_Source material_:

#####

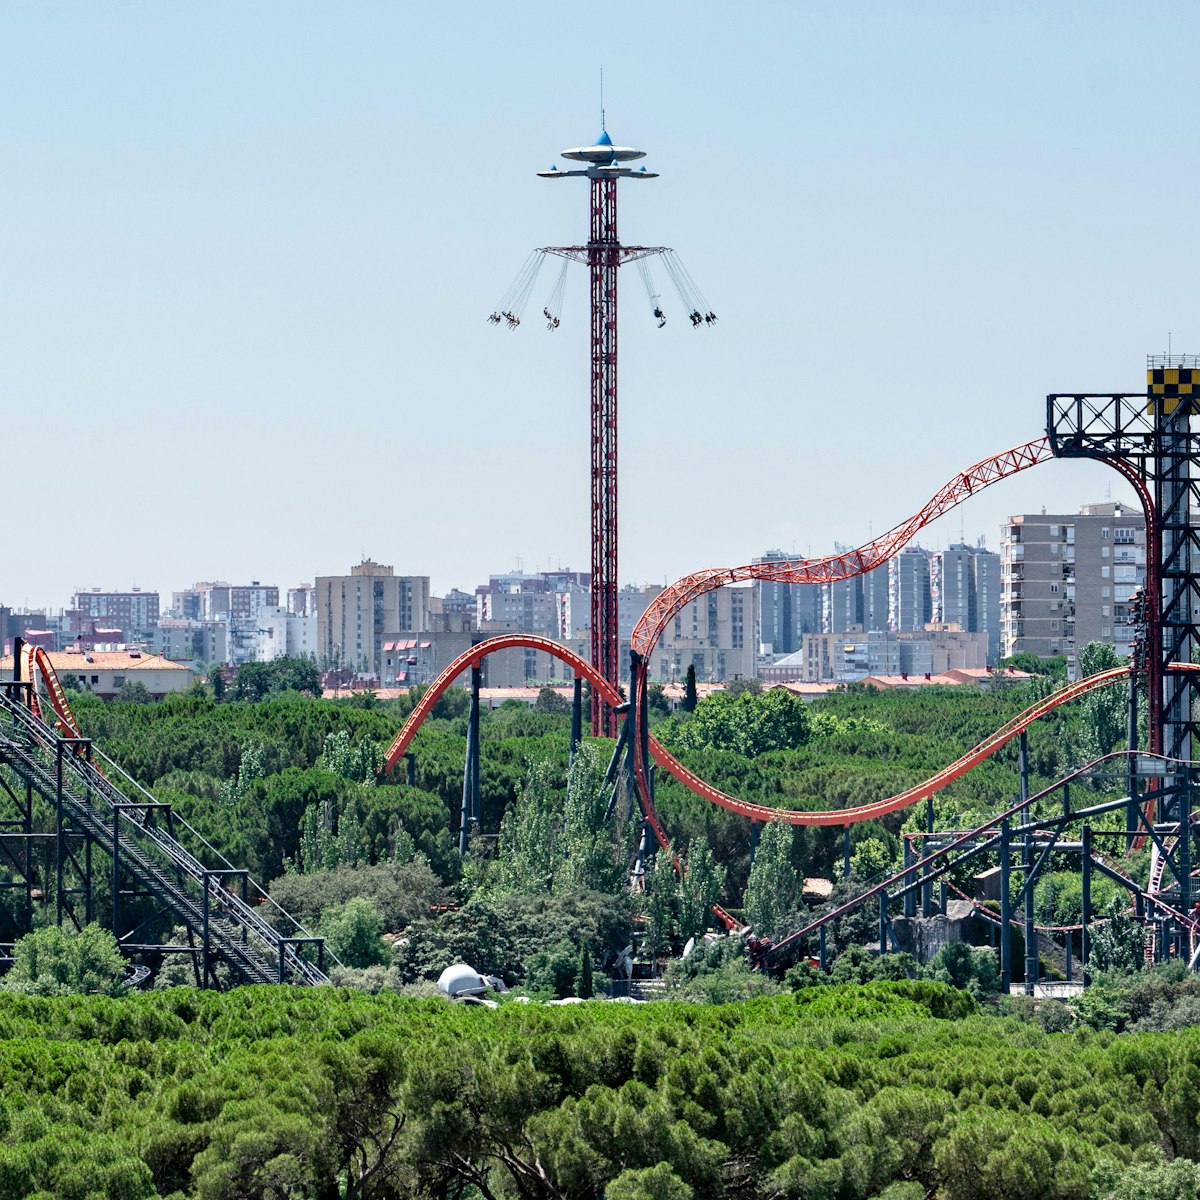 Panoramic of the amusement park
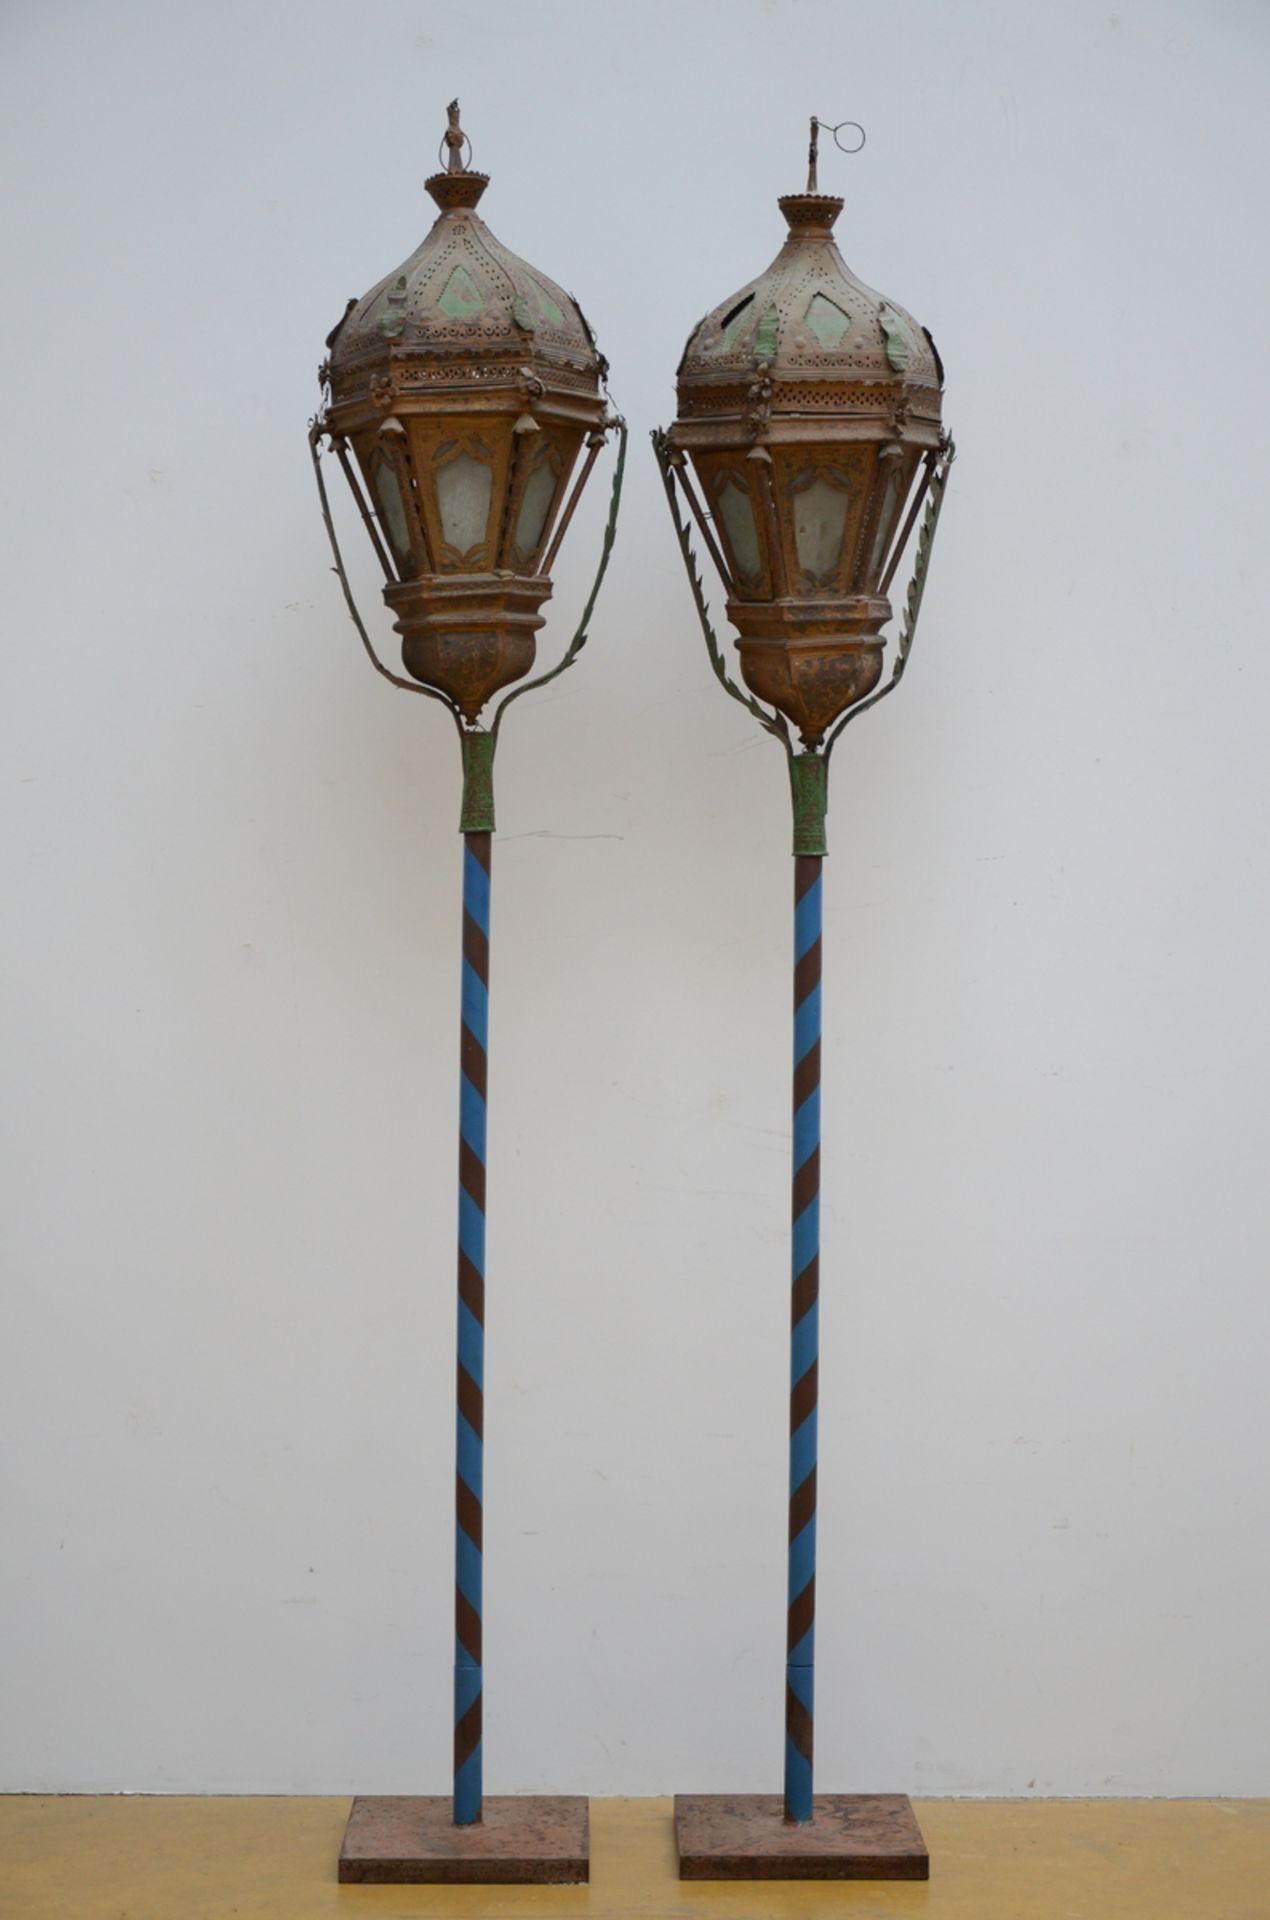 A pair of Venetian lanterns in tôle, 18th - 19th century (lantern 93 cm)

#####

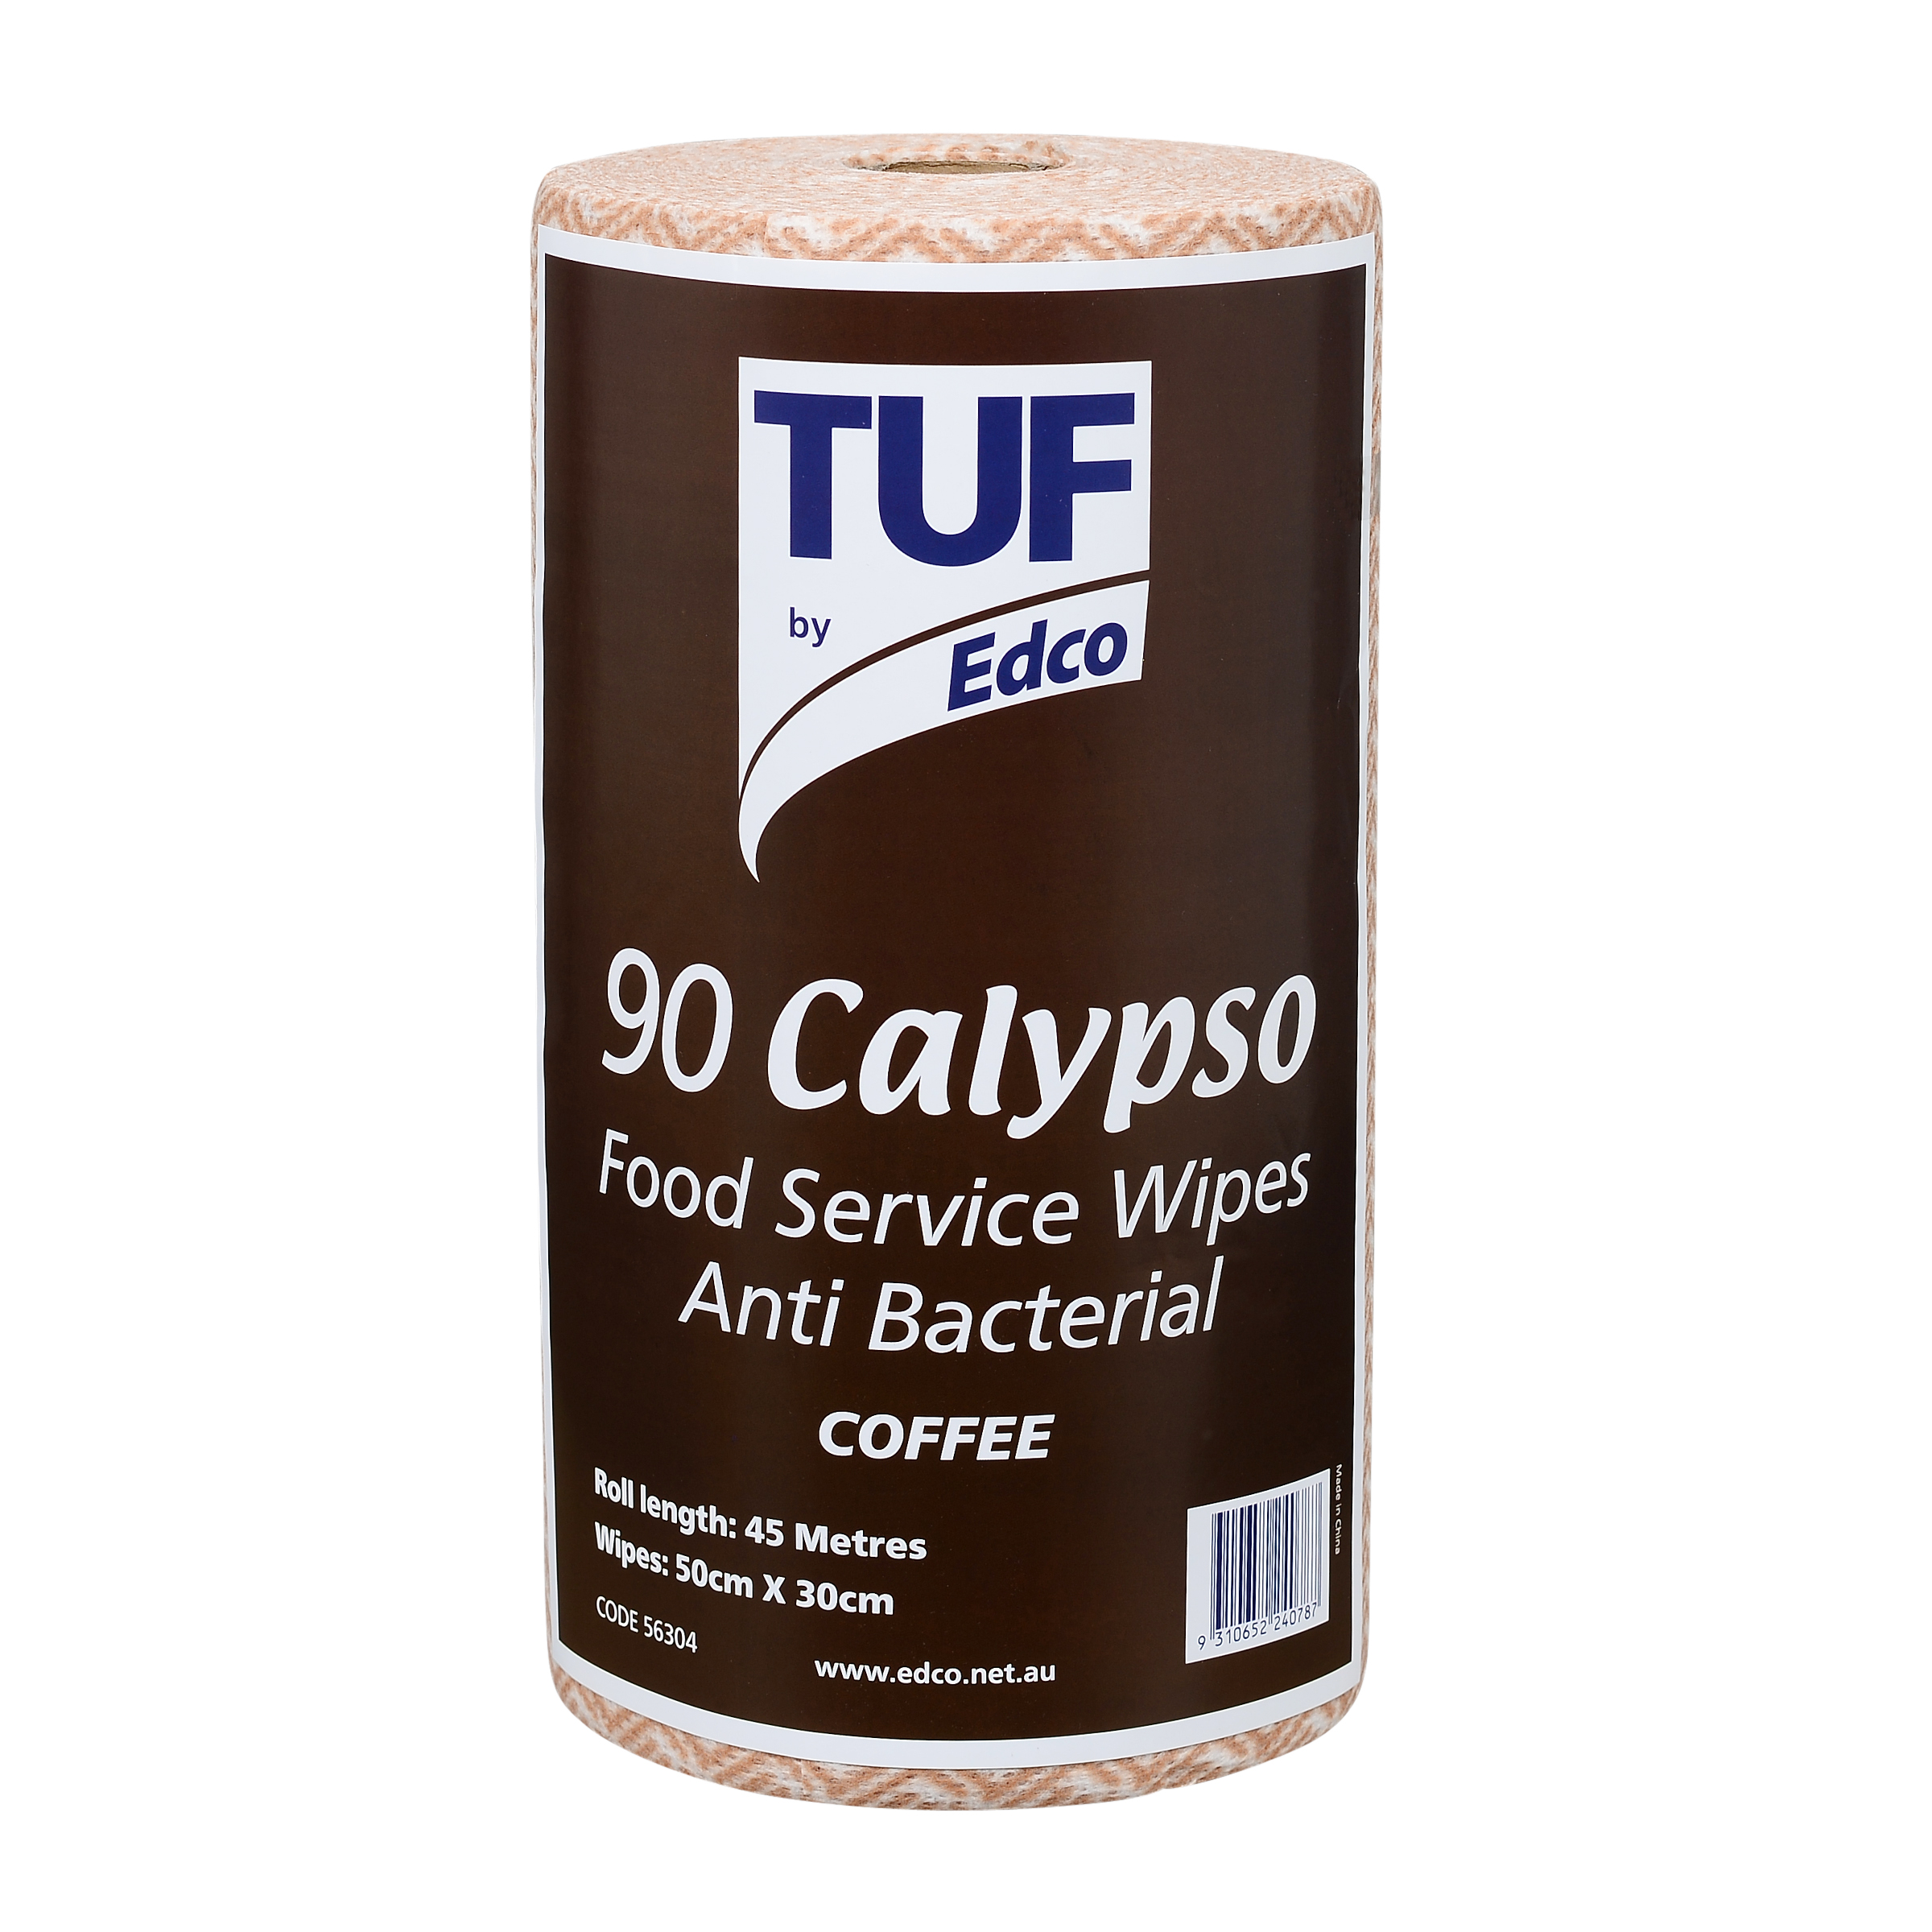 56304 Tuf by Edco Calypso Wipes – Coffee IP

#####

_Problem requirements_: Within the listing above, copy exactly the lines that start at the one with "Panoramic of the amusement park" and continue through the one with "A pair of Venetian". Omit pictures.

_Solution to the exercise_:
 Panoramic of the amusement park
 A pair of Venetian lanterns in tôle, 18th - 19th century (lantern 93 cm)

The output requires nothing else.